Dataset extract

[Start of section]

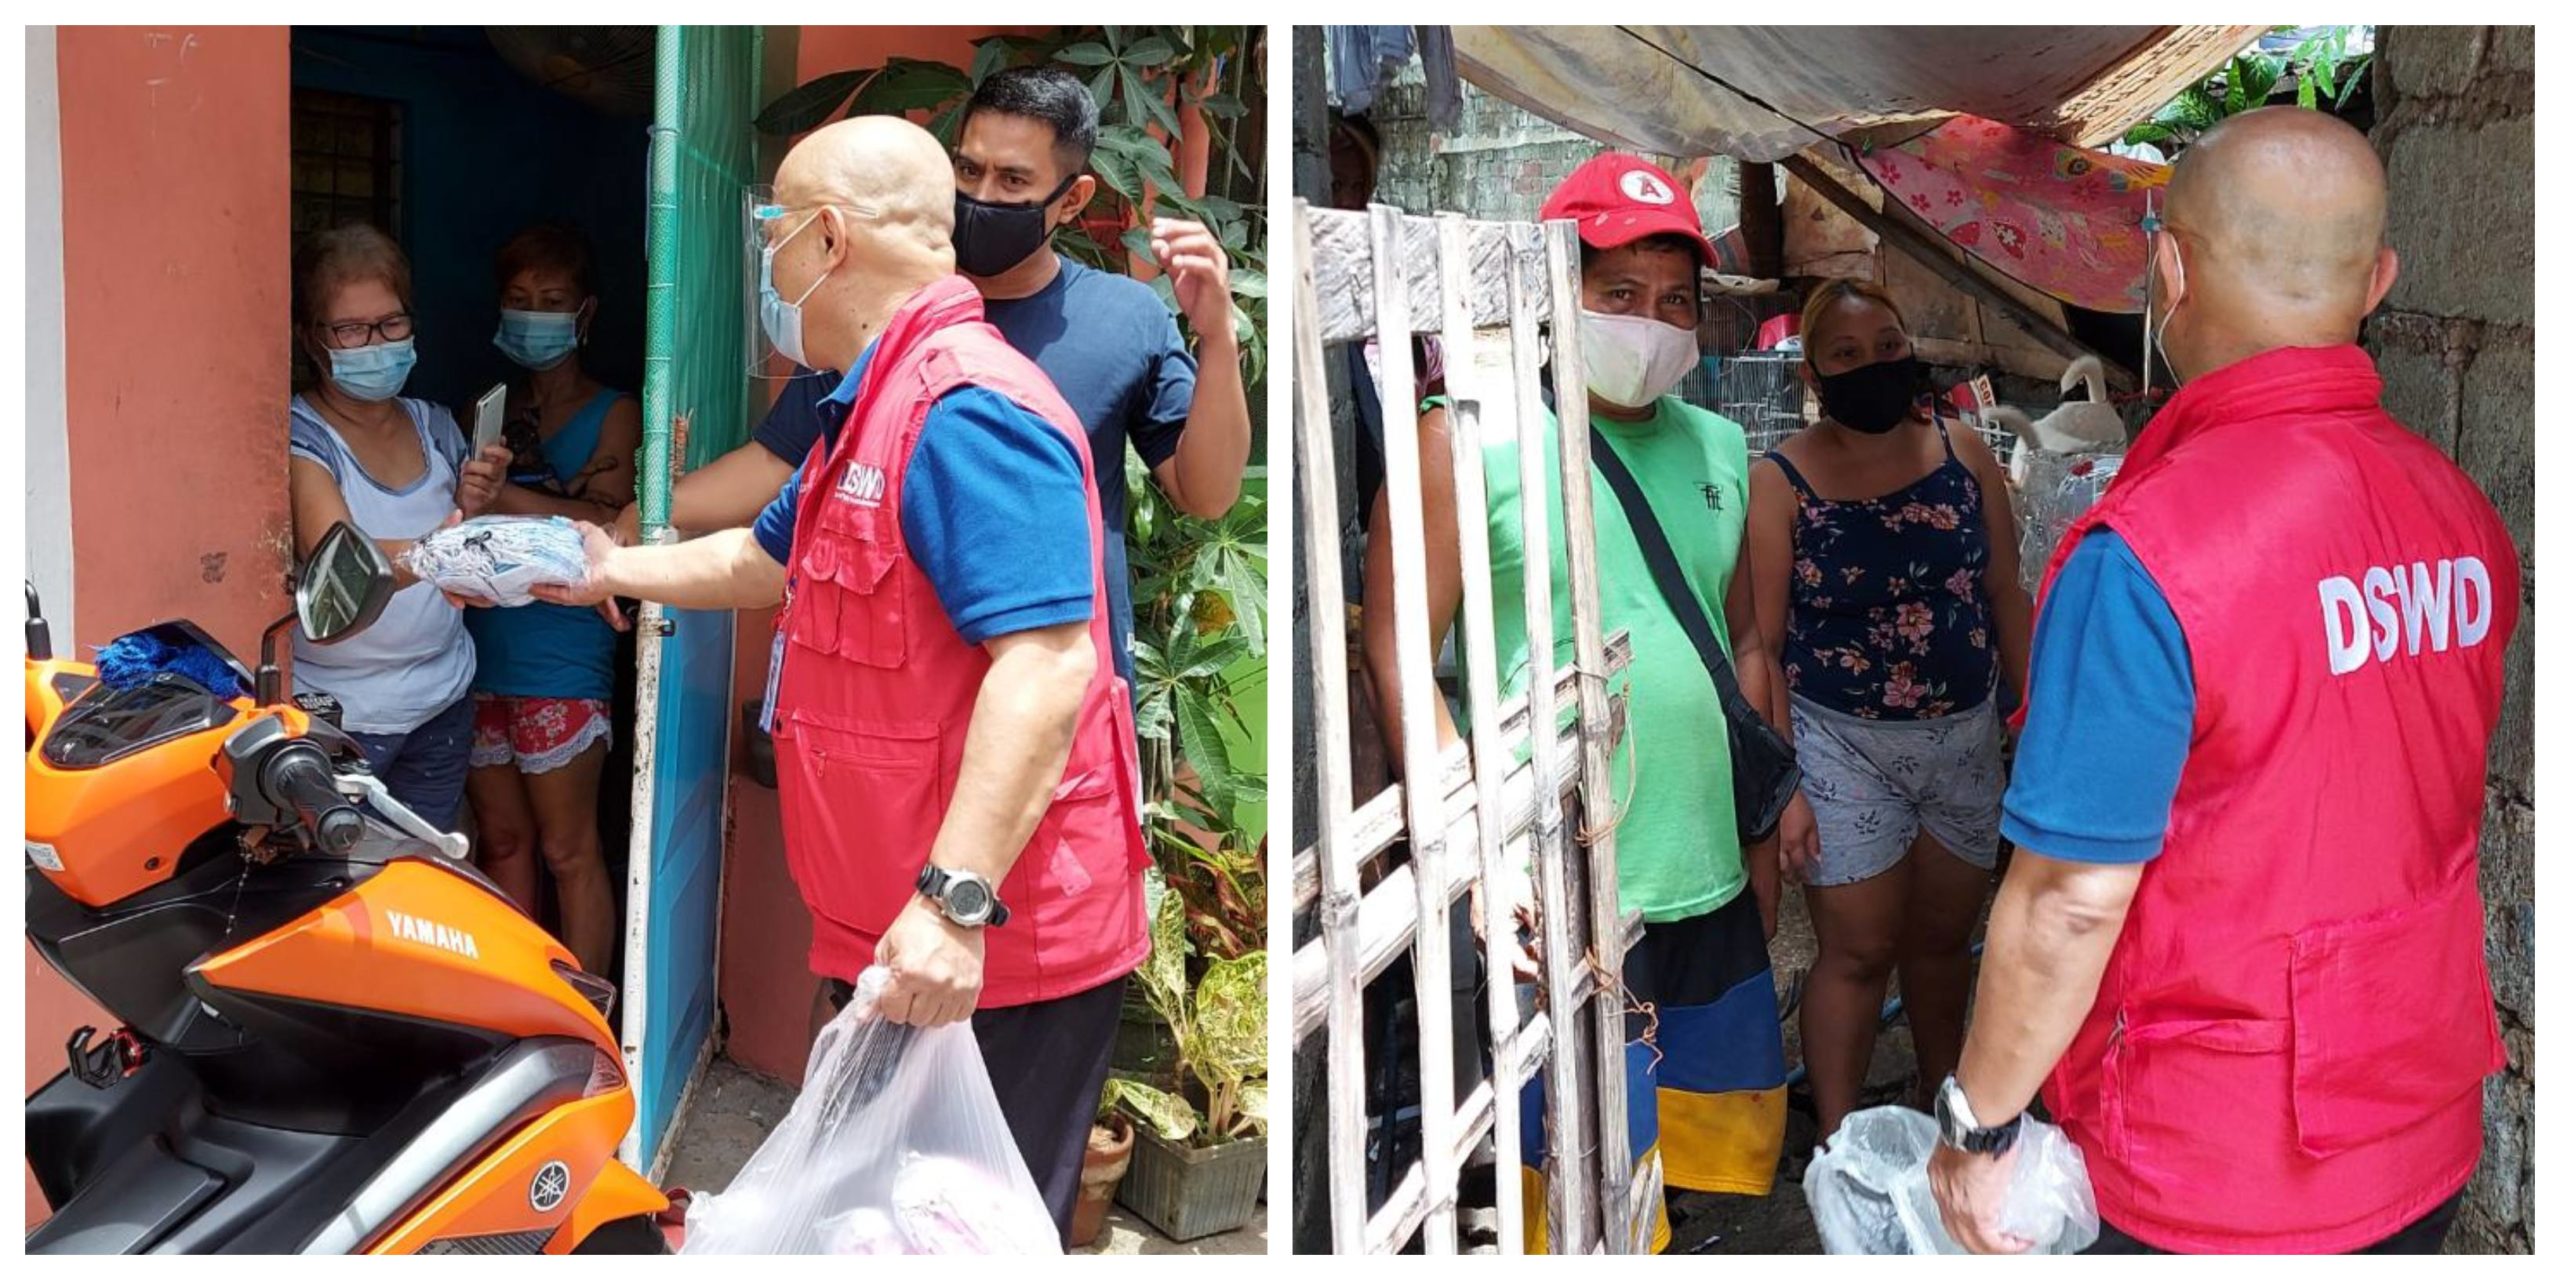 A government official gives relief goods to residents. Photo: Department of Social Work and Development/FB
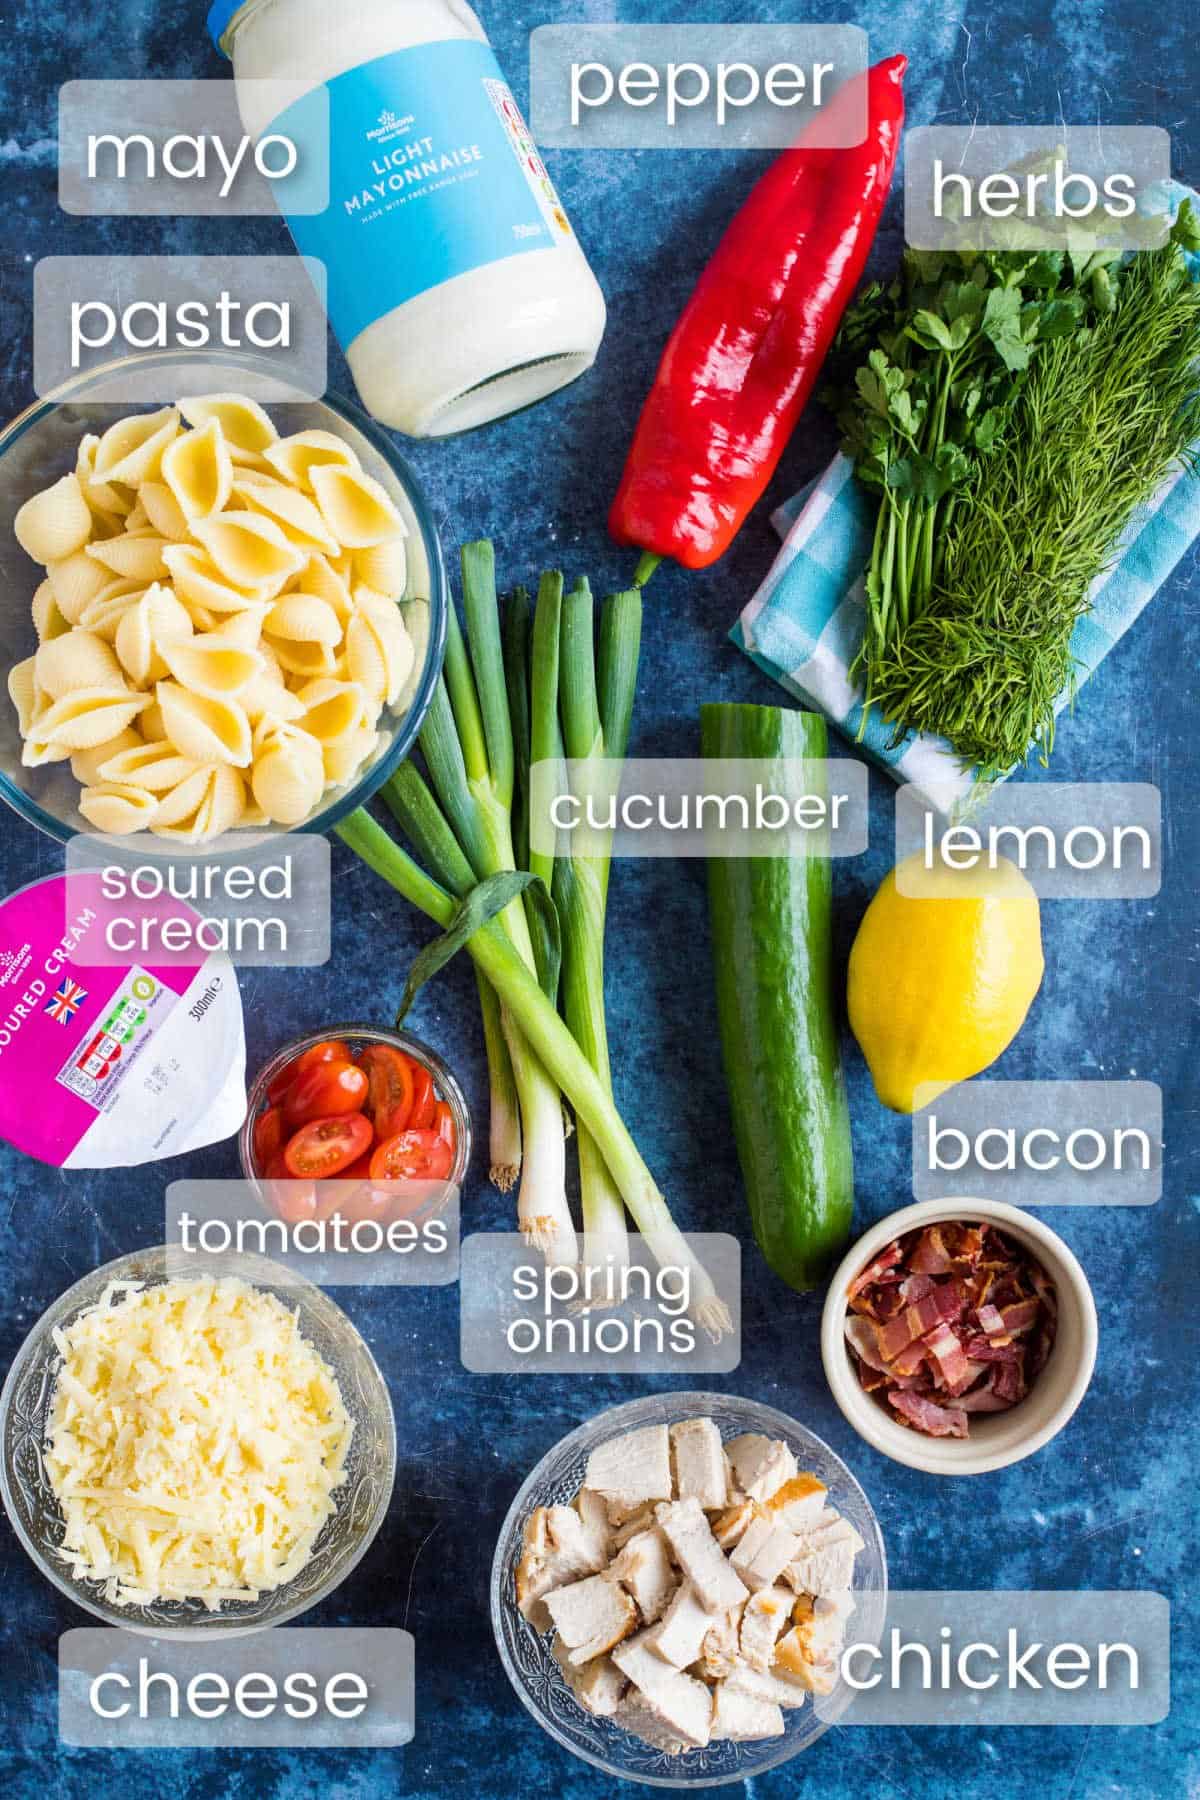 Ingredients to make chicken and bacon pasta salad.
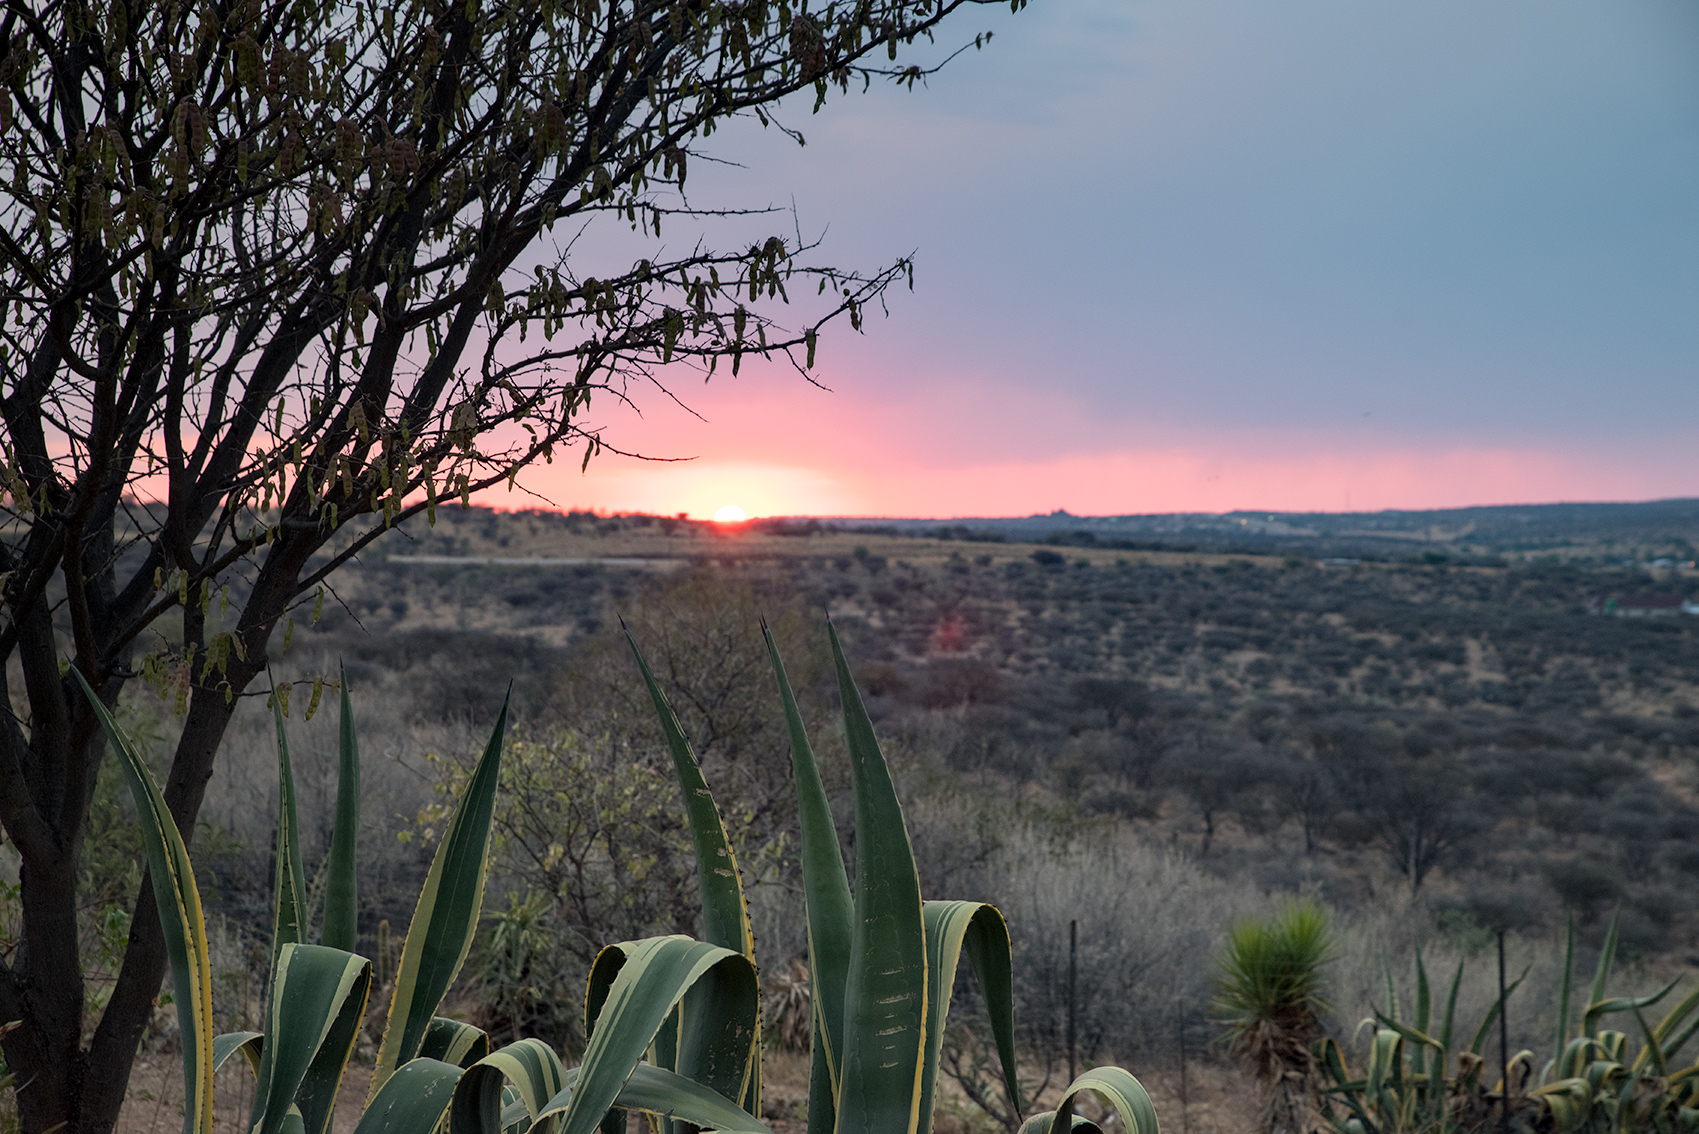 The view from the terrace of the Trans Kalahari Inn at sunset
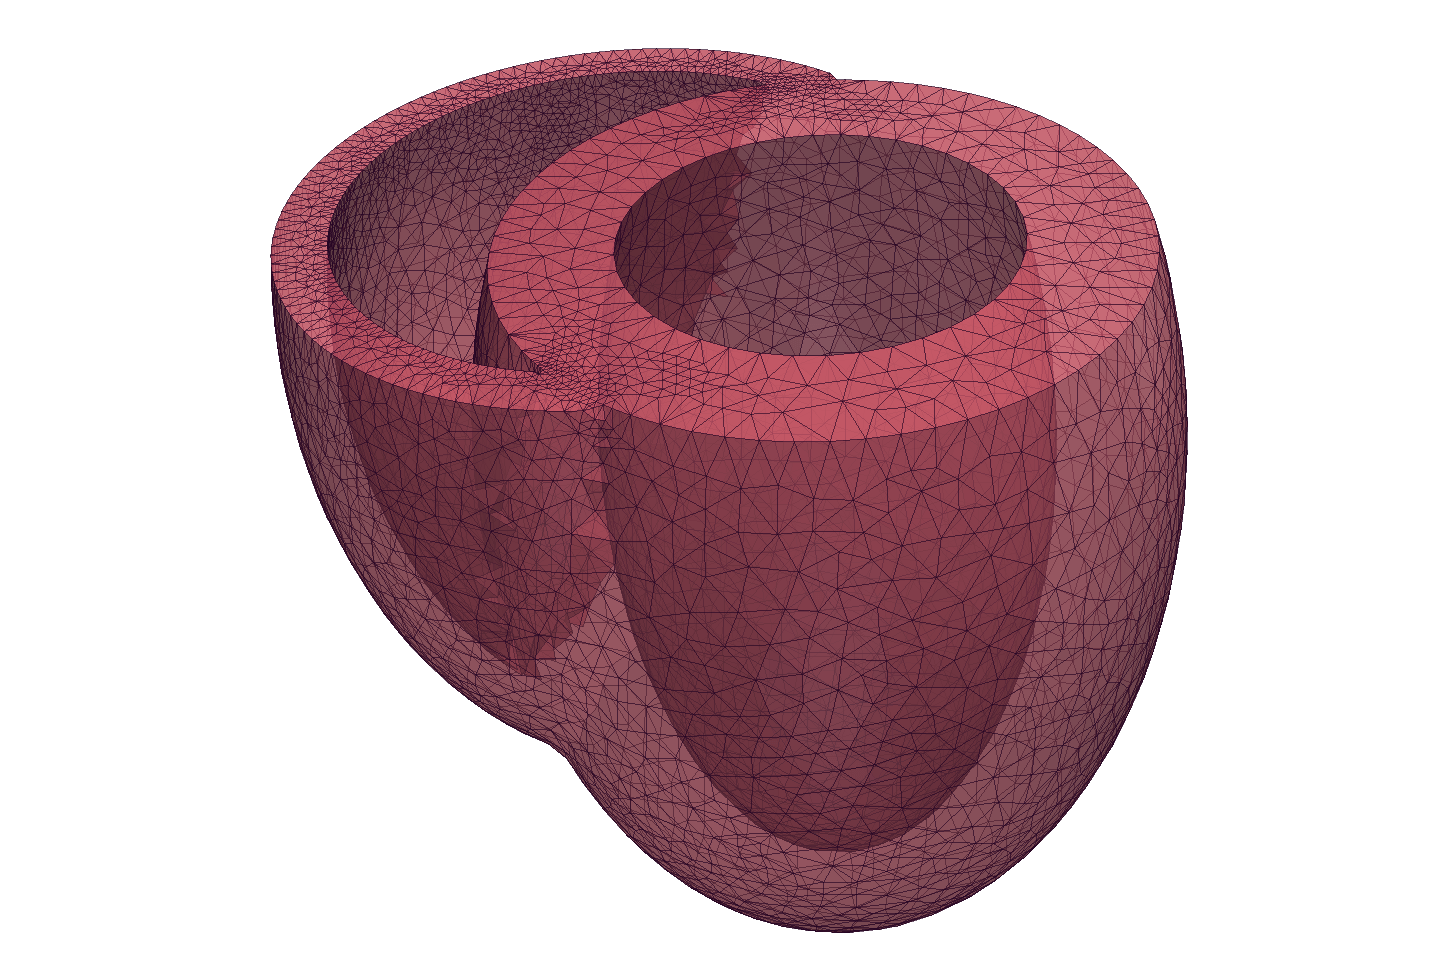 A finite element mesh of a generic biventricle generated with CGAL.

[End of section]

Aim of the task
The copy should hold, exactly, the lines from the one containing "The view from" to the final line of the listing above, with both ends present and no pictures.

Task response
 The view from the terrace of the Trans Kalahari Inn at sunset
 A finite element mesh of a generic biventricle generated with CGAL.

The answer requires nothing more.